• N. Engl. J. Med. · Oct 2023

    Randomized Controlled Trial Multicenter Study

    Trial of Vancomycin and Cefazolin as Surgical Prophylaxis in Arthroplasty.

    • Trisha N Peel, Sarah Astbury, Allen C Cheng, David L Paterson, Kirsty L Buising, Tim Spelman, An Tran-Duy, Sam Adie, Glenn Boyce, Catherine McDougall, Robert Molnar, Jonathan Mulford, Peter Rehfisch, Michael Solomon, Ross Crawford, Tiffany Harris-Brown, Janine Roney, Jessica Wisniewski, Richard de Steiger, and ASAP Trial Group.
    • From the Department of Infectious Diseases, Central Clinical School, Faculty of Medicine, Nursing, and Health Sciences (T.N.P., S. Astbury, J.W.), and the Department of Epidemiology and Preventive Medicine, School of Public Health and Preventive Medicine (A.C.C.), Monash University, the Department of Infectious Diseases, Alfred Health (T.N.P., S. Astbury, A.C.C., J.R., J.W.), the Department of Infectious Diseases, Doherty Institute (K.L.B.), the Department of Surgery, St. Vincent's Hospital (T.S.), the Centre for Health Policy, Melbourne School of Population and Global Health (A.T.-D.), and the Department of Surgery, Epworth HealthCare (R.S.), University of Melbourne, the Victorian Infectious Diseases Service, Royal Melbourne Hospital (K.L.B.), and the Department of Health Services Research, Peter MacCallum Cancer Centre, and Burnet Institute (T.S.), Melbourne, VIC, the St.

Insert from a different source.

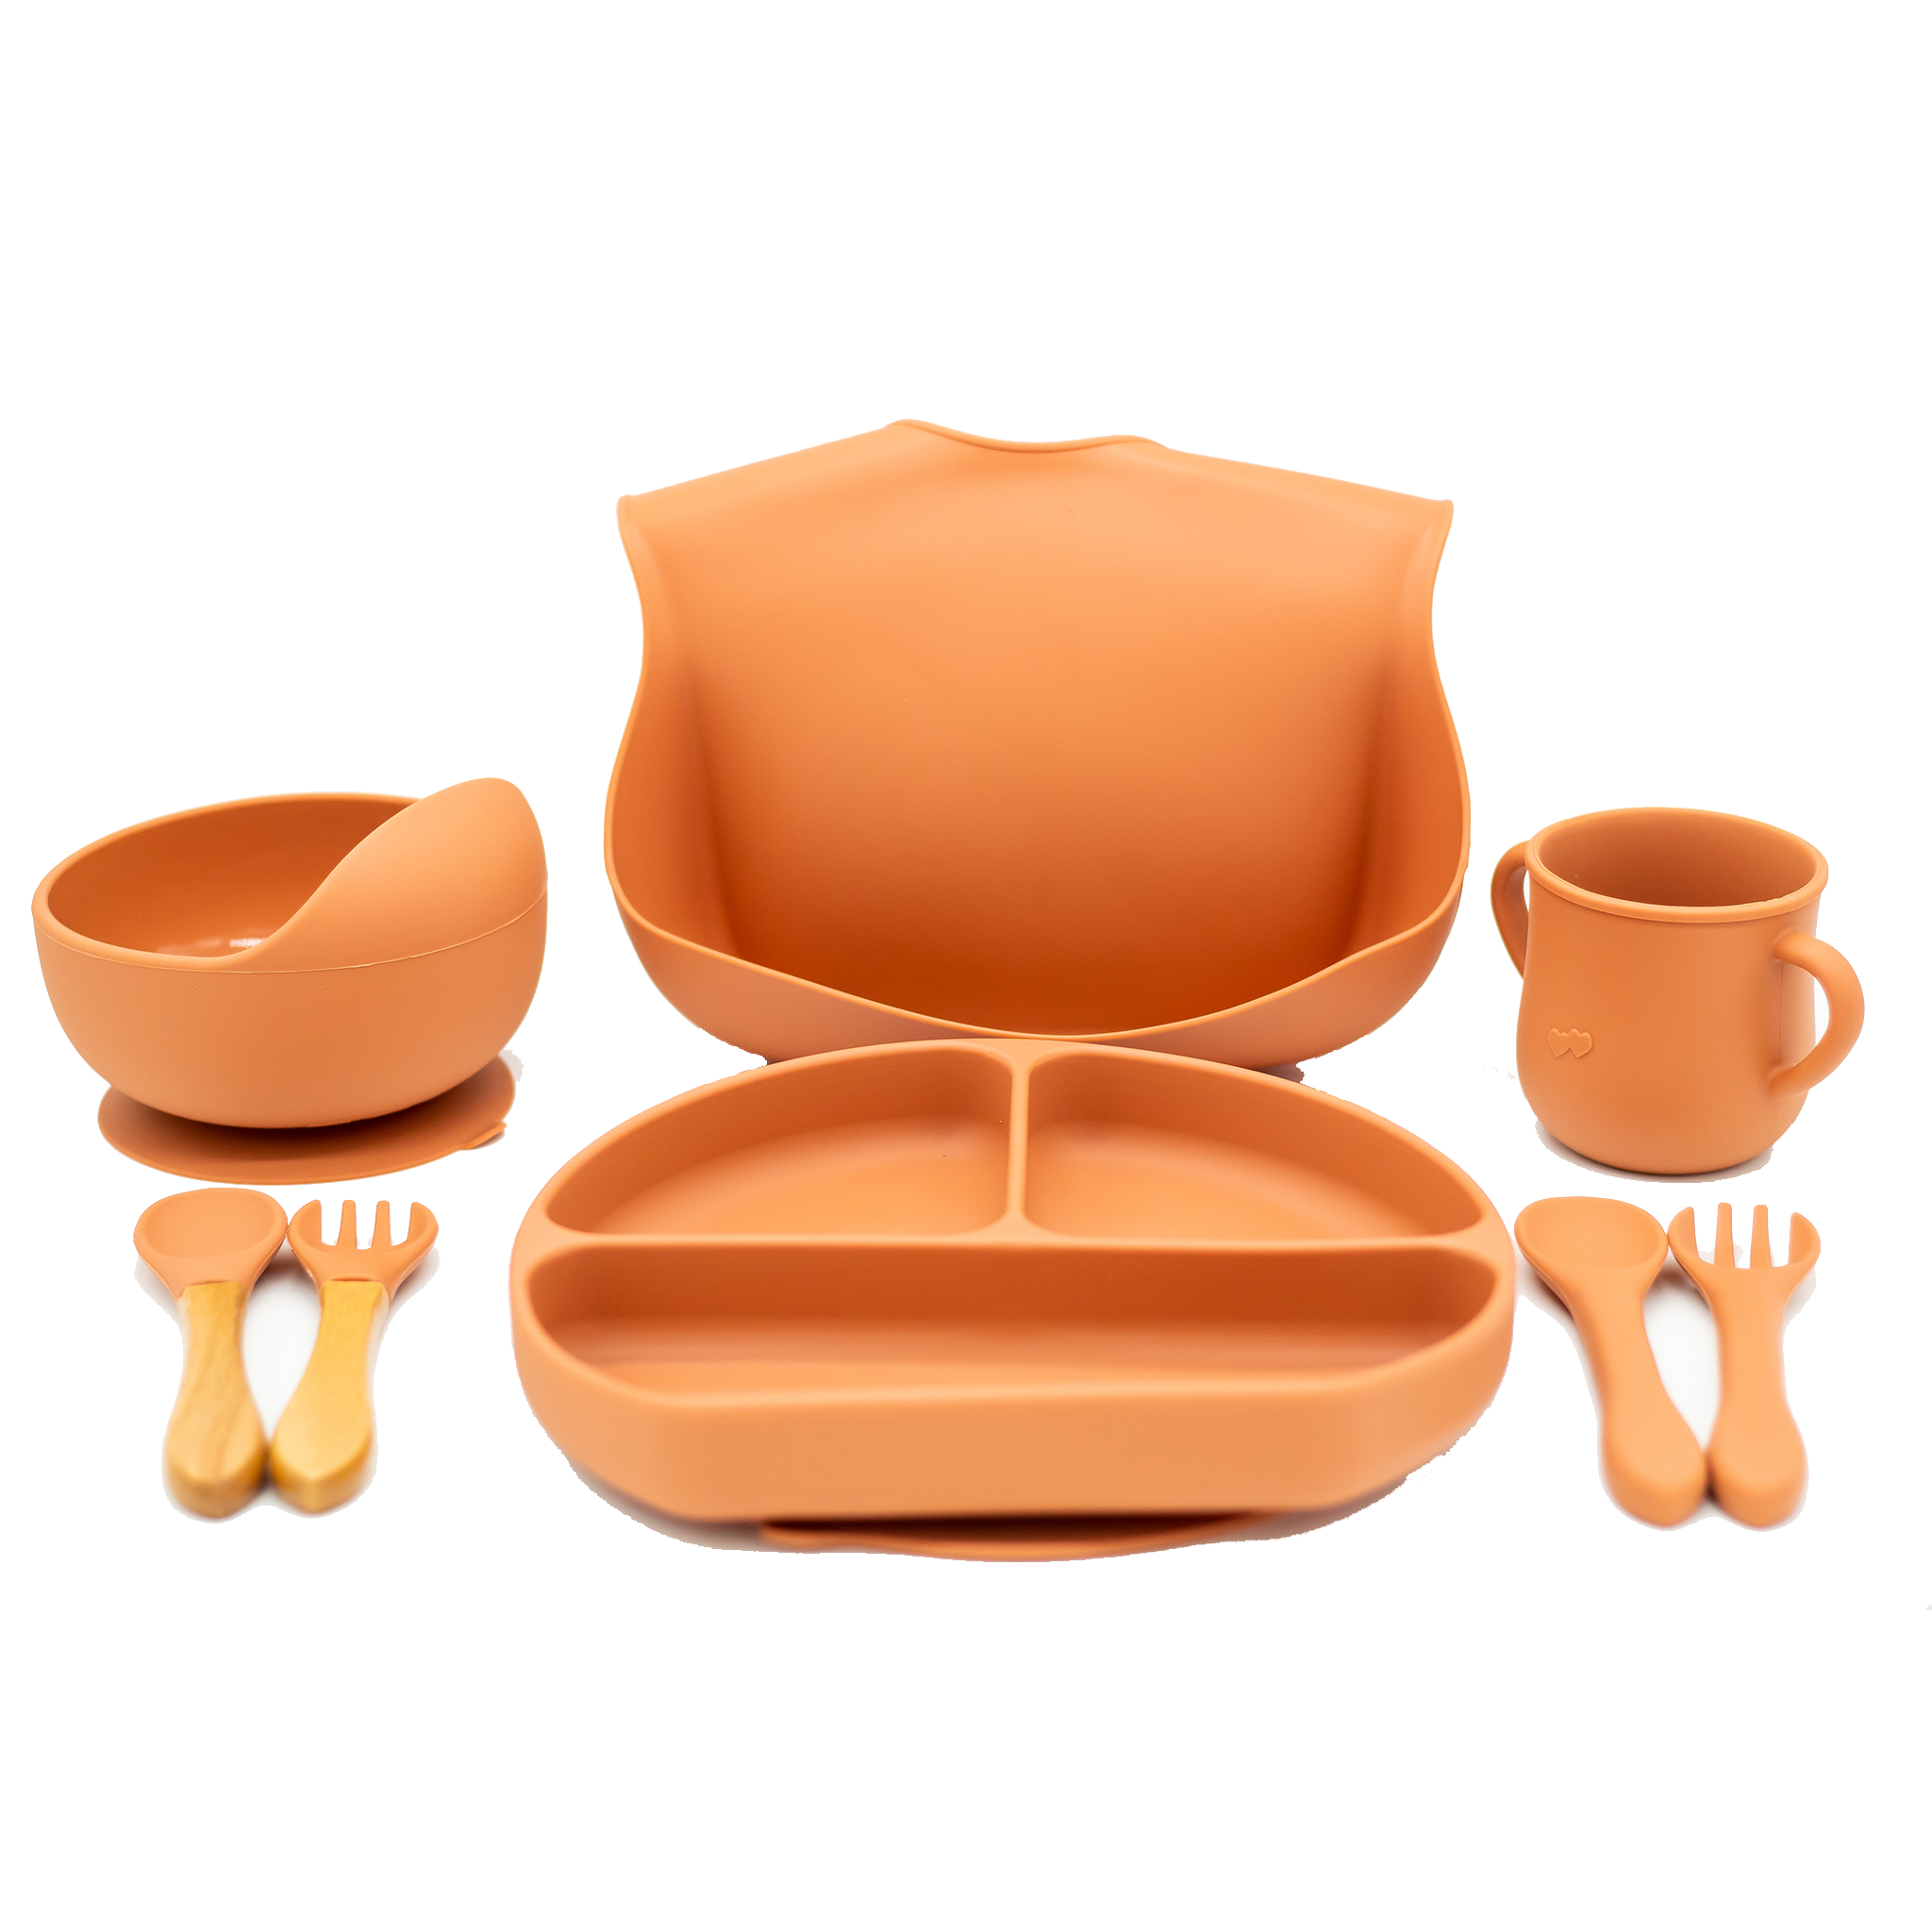 Toddler Silicone Feeding Set - Terracotta

George and Sutherland Clinical Campuses, School of Clinical Medicine, University of New South Wales Medicine and Health, Sydney (S. Adie, R.M.), Bendigo Health, Bendigo, VIC (G.B.), the Department of Orthopaedics, Prince Charles Hospital, Metro North Hospital and Health Service (C.M., R.C.), the Department of Medicine (C.M.) and the Centre for Clinical Research (T.H.-B.), University of Queensland, and Queensland University of Technology (R.C.), Brisbane, the Department of Orthopaedics, Launceston General Hospital, Tasmanian Health Service, Launceston, TAS (J.M.), Gippsland Orthopaedic Group, Traralgon, VIC (P.R.), and Prince of Wales Hospital and Prince of Wales Private Hospital, Randwick, NSW (M.S.) - all in Australia; Advancing Clinical Evidence in Infectious Diseases, Saw Swee Hock School of Public Health, and the Infectious Diseases Translational Research Program, Yong Loo Lin School of Medicine, National University of Singapore, Singapore (D.L.P.); and the Department of Clinical Neuroscience, Karolinska Institute, Stockholm (T.S.).
    • N. Engl. J. Med. 2023 Oct 19; 389 (16): 148814981488-1498.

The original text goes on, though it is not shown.